I tried making v₂^2 the subject of the equation, but here is what I got:

(1/2)*m₁*u₁^2 = (1/2)*m₁*((1/4)*u₁)^2 + (1/2)*m₂*v₂^2

That's fine.

Hm... I'm either not looking at it right or this doesn't tell me much since I still don't know u₁. I tried substituting it back into the original equation but the m₂'s cancel each other out.

You've used conservation of KE, but that's not enough by itself.

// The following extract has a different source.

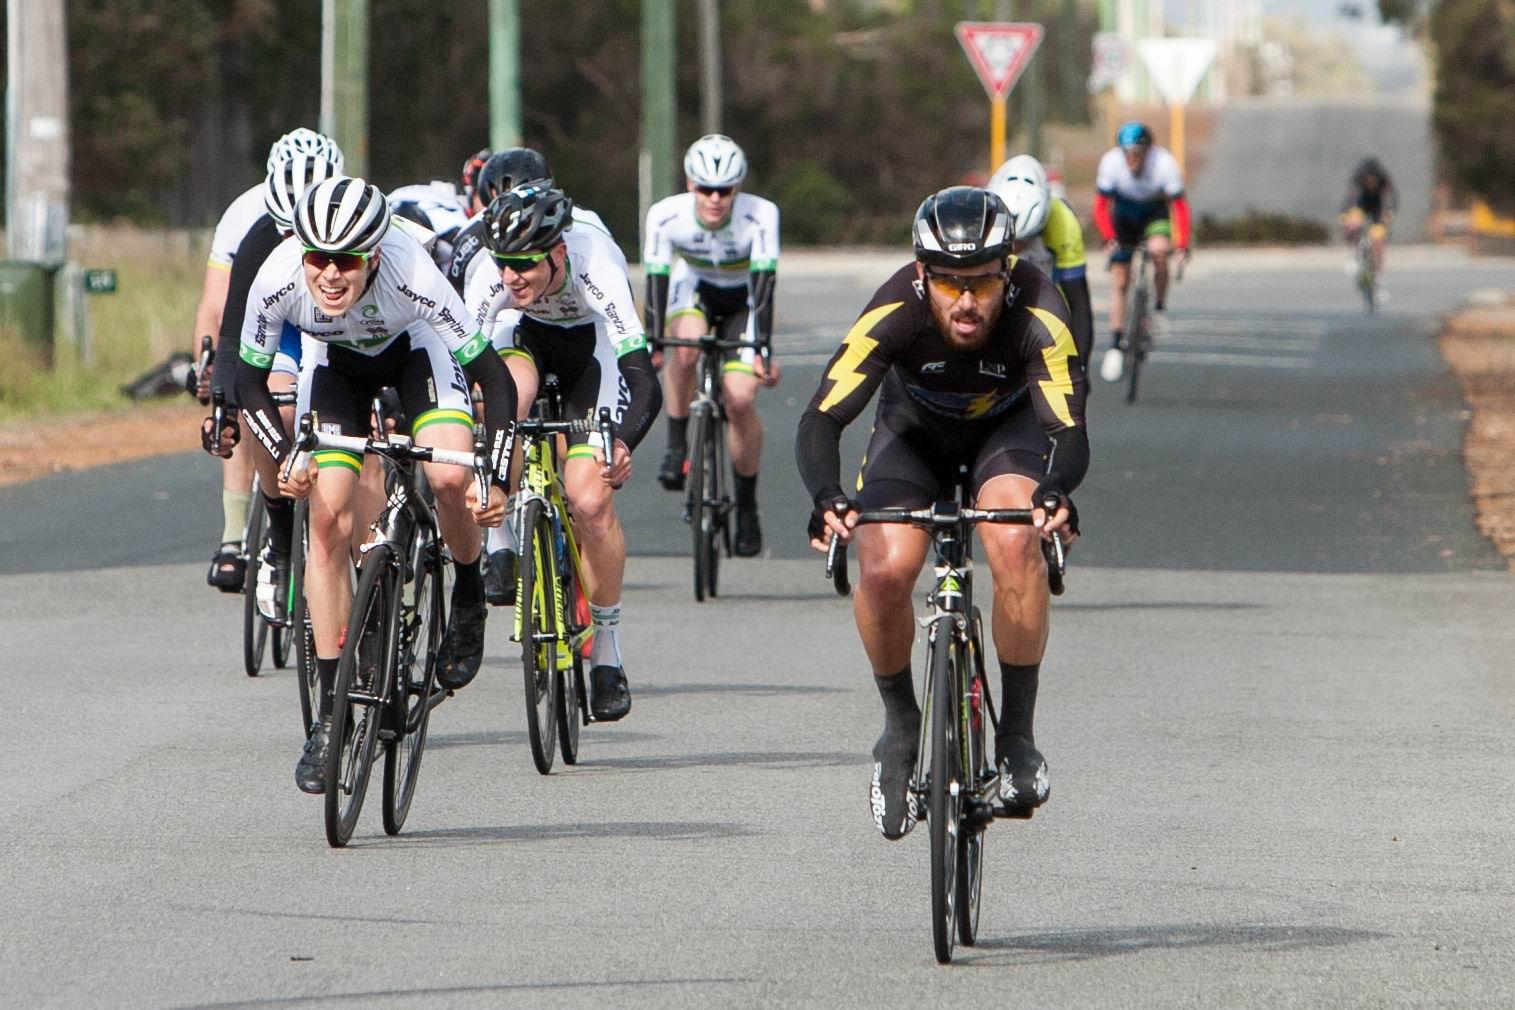 Cycling: final Peel Districts Cycling club race of the season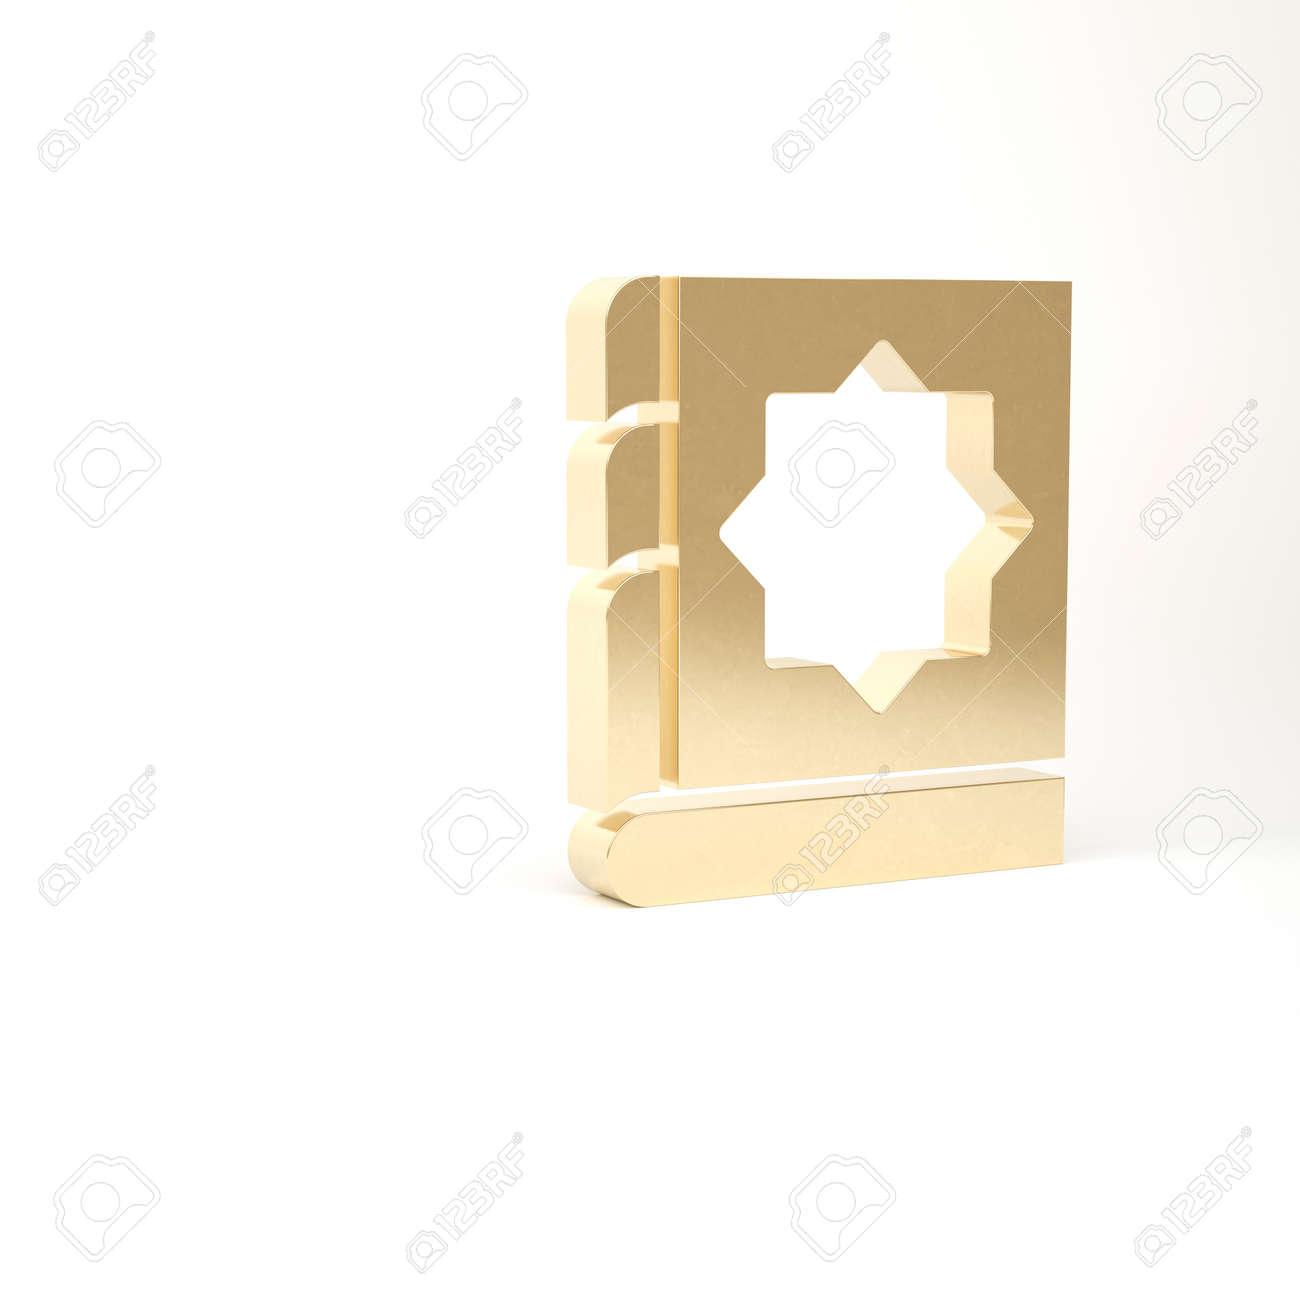 Gold Holy book of Koran icon isolated on white background. Muslim holiday, Eid Mubarak, Eid al-fitr, Ramadan Kareem. 3d illustration 3D render - 169797706

What else is conserved in any collision?

 

[FredericChopin]

Momentum is conserved!

O.K., let's see if it works:

If v₂ = √((15*u₁²)/(8*m₂))

, then:

m₁*u₁ + m₂*u₂ = m₁*v₁ + m₂*v₂

(Substituting u₂ = 0 m/s, v₁ = (1/4)*u₁ and v₂² = √((15*u₁²)/(8*m₂)))

m₁*u₁ = m₁*(1/4)*u₁ + m₂*√((15*u₁²)/(8*m₂))

(Simplifying)

m₁*u₁ = (m₁*u₁)/4 + m₂*√((15*u₁²)/(8*m₂))

(Changing 1/1 to 4/4)

(4*m₁*u₁)/4 = (m₁*u₁)/4 + m₂*√((15*u₁²)/(8*m₂))

(Subtracting (m₁*u₁)/4 from both sides of the equation)

(3*m₁*u₁)/4 = m₂*√((15*u₁²)/(8*m₂))

(Squaring both sides of the equation)

(9*m₁²*u₁²)/16 = m₂²*(15*u₁²)/(8*m₂)

(Simplifying)

(9*m₁²*u₁²)/16 = (15*u₁²*m₂²)/(8*m₂)

(Changing 15/8 to 30/16)

(9*m₁²*u₁²)/16 = (30*u₁²*m₂²)/(16*m₂)

(Simplifying)

(9*m₁²*u₁²)/16 = (30*u₁²*m₂)/16

(Multiplying both sides of the equation by 16)

9*m₁²*u₁² = 30*u₁²*m₂

(Substituting m₁ = 2 kg)

36*u₁² = 30*u₁²*m₂

(Dividing both sides of the equation by 30*u₁²)

m₂ = 1.2 kg


Thank you so much!

 

[Doc Al]

m₂ = 1.2 kg


Thank you so much!

Excellent!

Now it's time to learn a shortcut.

For a perfectly elastic straight-line collision, the relative velocity is reversed during the collision:

u_1 - u_2 = v_2 - v_1
(This can be proven by combining conservation of energy with conservation of momentum.)

Thus: u = v₂ - u/4
Which leads to v₂ = (5/4)u

Now combine this with conservation of momentum and you'll be able to solve for the mass in one line.

All this is perfectly consistent with what you did. (It's the same thing, really.)